Loading ...
Sorry, an error occurred while loading the content.

Re: [PBML] Which Data Structure to Use?

Expand Messages
  • Bompa
    Seems to me that you want to know how many times UID1 /usr/bin occurs in the array. Like a list of unique values. Seems you eluded to this idea
    Message 1 of 4 , Oct 1, 2001
    • 0 Attachment
      Seems to me that you want to know how many times "UID1 /usr/bin"
      occurs in the array. Like a list of unique values. Seems you eluded
      to this idea in your statement...

      > userid & directory will make it unique. Concatenating the userid &
      > directory and populating a hash with this as the key, (the value
      > being the running count) seemed feasible. But, perhaps also somewhat
      > less than elegant.

      (Personal note: I wish some of you kids would stop worrying about
      elegance, being cool, and 'perlish', and just get the job done, heh)

      Anyway, if you want to concatenate as you say above, I have saved several
      methods of doing this that I saw on this list. Each of these snippets does
      the same; counts the occurances of a value.
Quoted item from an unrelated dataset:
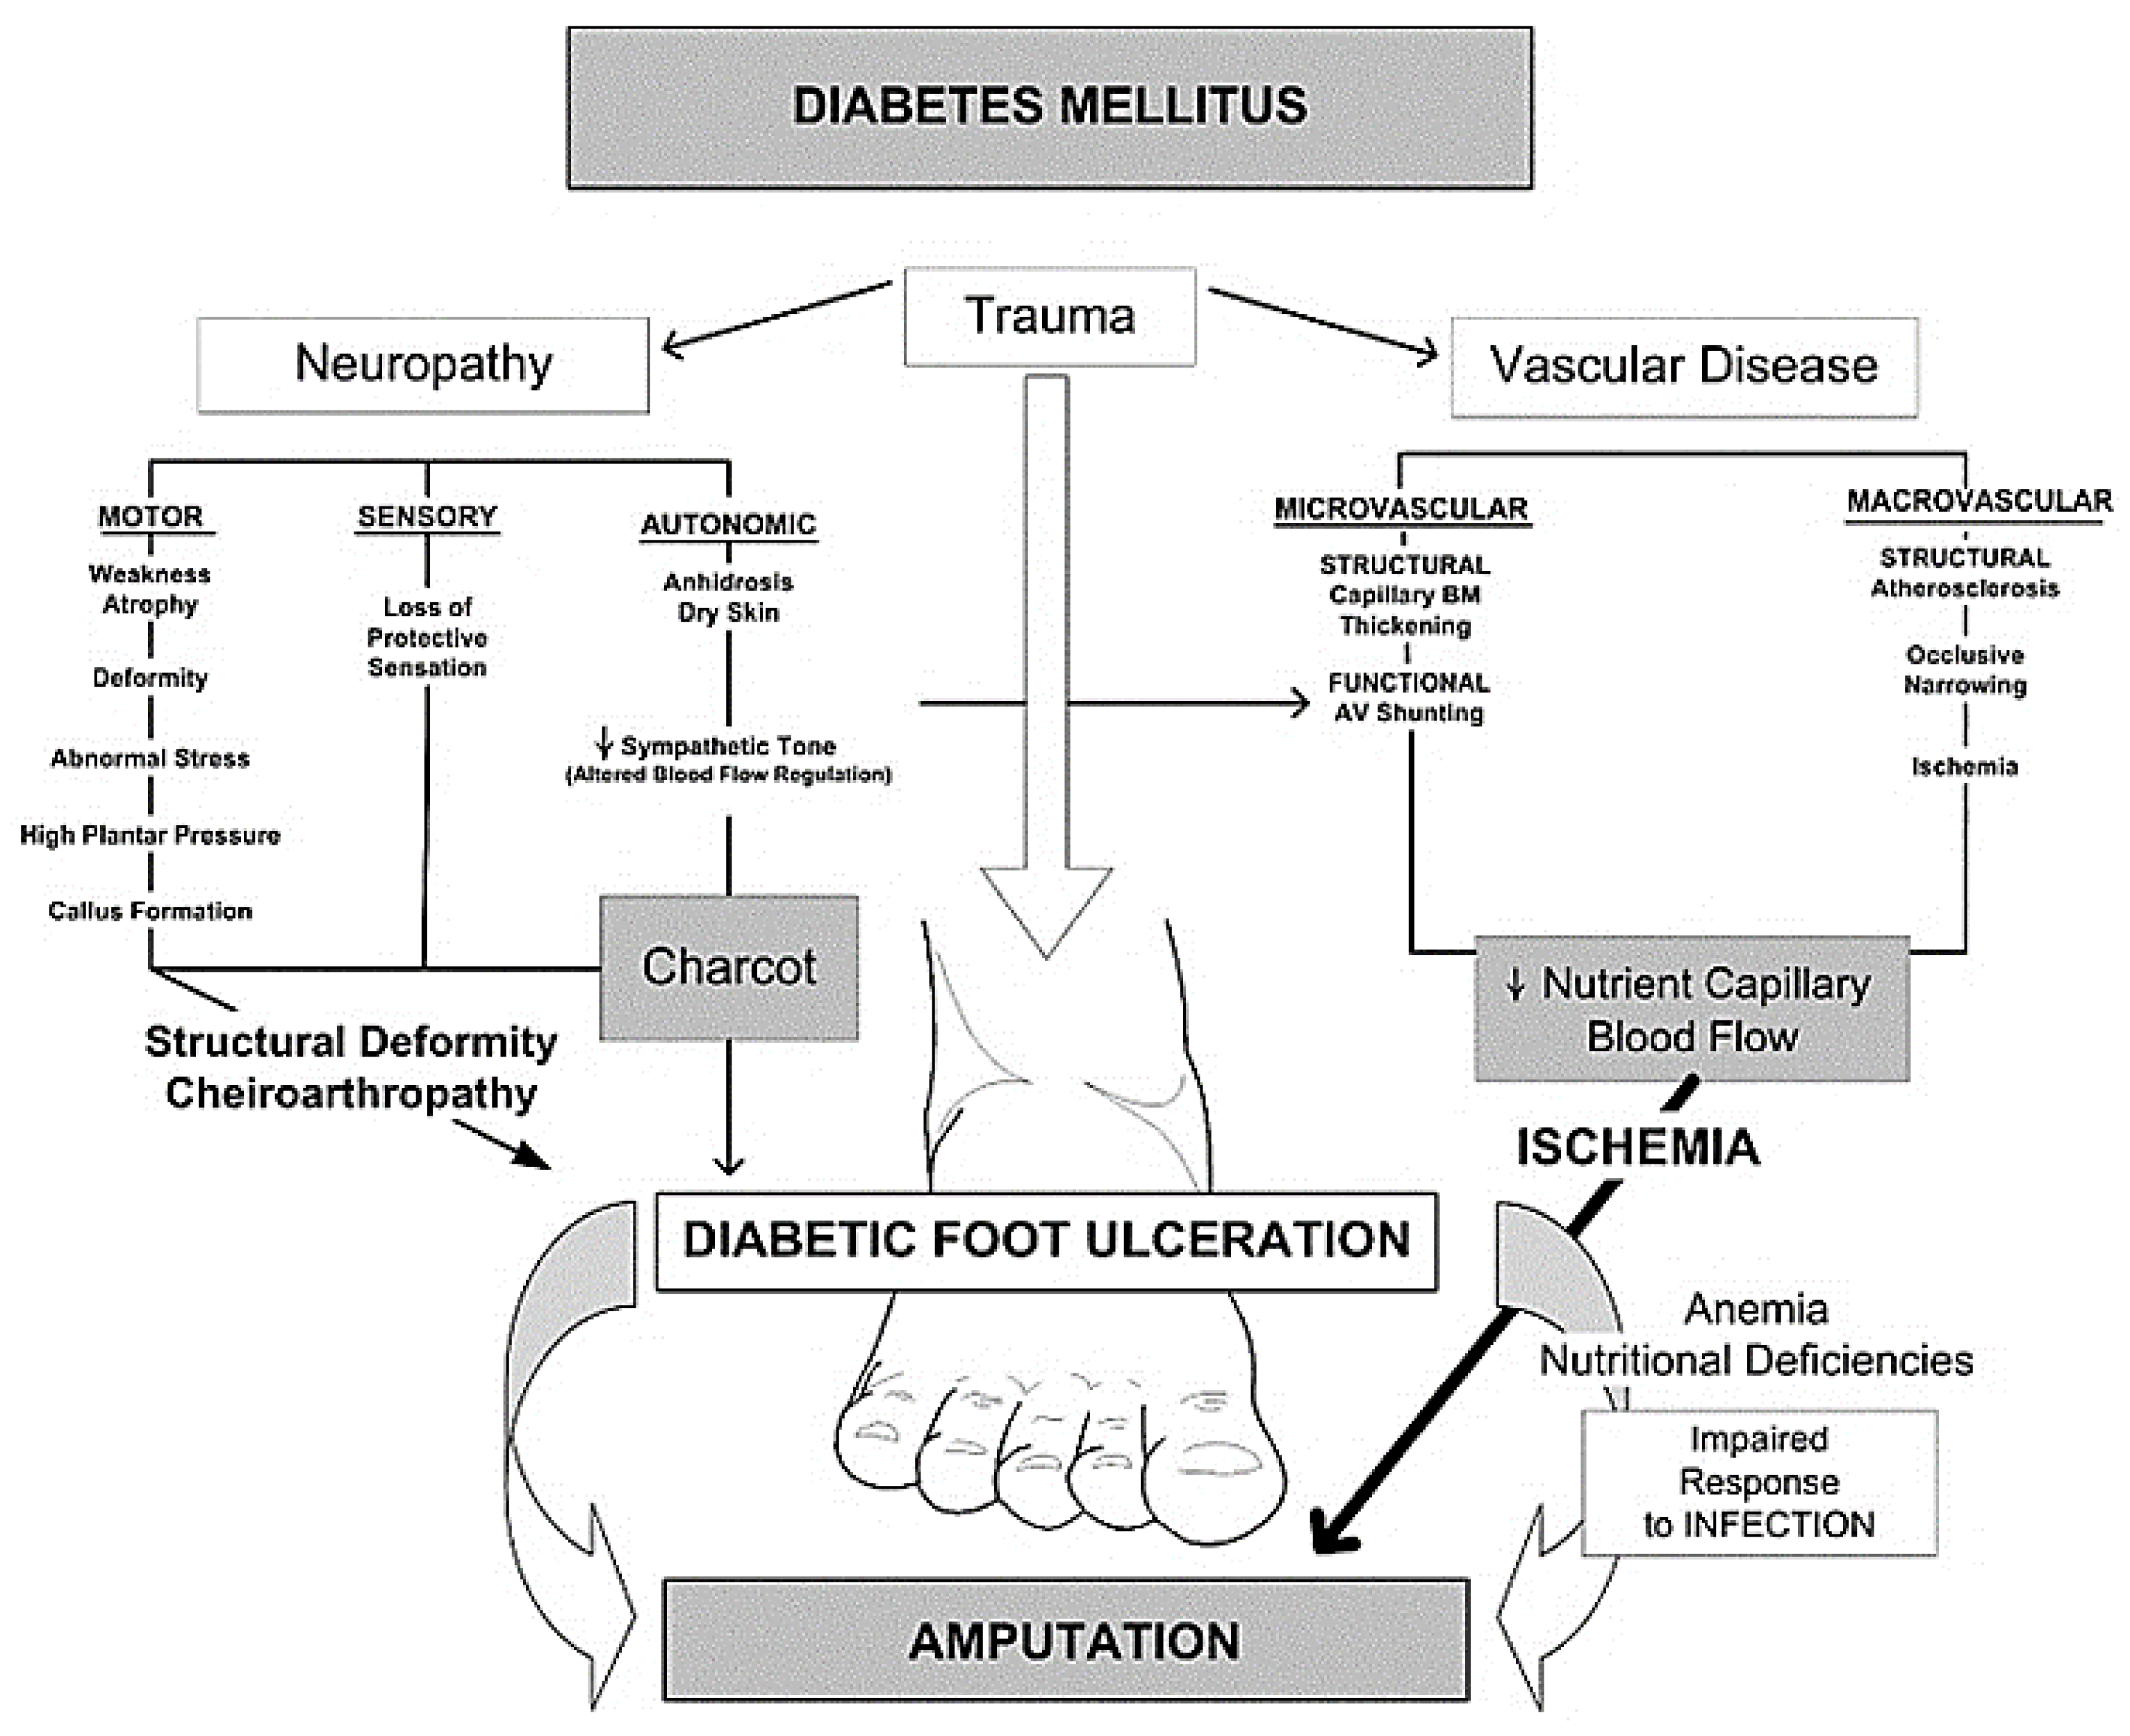 Cetosis diabetica proceso fisiológico

      You could go here and read the tread if you have time.
      http://groups.yahoo.com/group/perl-beginner/message/4887


      Bompa


      CREATE LIST OF UNIQUE VALUES

      %seen = ();
      @uniq = ();
      foreach $item (@list) {
      unless ($seen{$item}) {
      # if we get here, we have not seen it before
      $seen{$item} = 1;
      push(@uniq, $item);
      }
      }

      Faster
      %seen = ();
      foreach $item (@list) {
      push(@uniq, $item) unless $seen{$item}++;
      }

      Similar but with user function
      %seen = ();
      foreach $item (@list) {
      some_func($item) unless $seen{$item}++;
      }

      Faster but different
      %seen = ();
      foreach $item (@list) {
      $seen{$item}++;
      }
      @uniq = keys %seen;

      Faster and even more different
      %seen = ();
      @uniqu = grep { ! $seen{$_} ++ } @list;

      by Erik Tank, I think





      msutfin@... wrote:
      >
      > Sysadmin has asked for a report based on our FTP logs. I've parsed
      > the lines in the FTP log based on the action the user took (STOR,
      > DELE, RETR, CWD..) For each action, I now have an array that contains
      > just those lines of the FTP log.
      >
      > There are several 'fields' in each line that I would like to report
      > on. Example: For the change directory (CWD) array, I'm interested in
      > the 3 pieces of info... userid, directory, and a running count for
      > each.
      >
      > I'm stumbling on how to reason (and code) the storage for this data.
      > The end report would look something like this..
      >
      > Userid Directory Number of Hits
      > UID1 /usr/bin 25
      > UID1 /usr/opt 3
      > UID3 /user/bin/perl 6
      >
      > So, as I said before, with a foreach loop and a regex, I've built a
      > change directory array (@CWD). Now with another foreach loop and a
      > split, I stored the $userid ($CWD[6]) and directory($CWD[8]) in
      > scalars and have a counter for the hits. Problem number one... How to
      > identify the combined userid/directory to determine which counter to
      > apply the hit to ..
      >
      > Seems like the high level identifier will be userid, but as the same
      > user may CWD to multiple directories with an FTP session, perhaps the
      > userid & directory will make it unique. Concatenating the userid &
      > directory and populating a hash with this as the key, (the value
      > being the running count) seemed feasible. But, perhaps also somewhat
      > less than elegant.
      >
      > A hash of array (userid => [directory, count]) doesn't get the job
      > done because the userid key is not unique. If I understand the
      > examples in Perl Cookbook, the hash of hashes doesn't work for the
      > same reason.
      >
      > If I wasn't sure I was confused and offtrack before I wrote this,
      > after proofreading it, I've convinced myself that I am. Any help will
      > be much appreciated.
      >
      > With a little help understanding what might be a reasonable storage
      > structure/pseudo code approach, I'll take a stab at the code and
      > revisit y'all when I approach the <wall>.
      >
      > TIA,
      > Mark
      >
      >
      >
      >
      > Your use of Yahoo! Groups is subject to http://docs.yahoo.com/info/terms/

      --

      http://www.pureperl.org
      http://www.afreeirc.net
    • Charles K. Clarkson
      ... From: To: Sent: Monday, October 01, 2001 1:53 PM Subject: [PBML] Which Data Structure to Use?
      Message 2 of 4 , Oct 1, 2001
      • 0 Attachment
        ----- Original Message -----
        From: <msutfin@...>
        To: <perl-beginner@yahoogroups.com>
        Sent: Monday, October 01, 2001 1:53 PM
        Subject: [PBML] Which Data Structure to Use?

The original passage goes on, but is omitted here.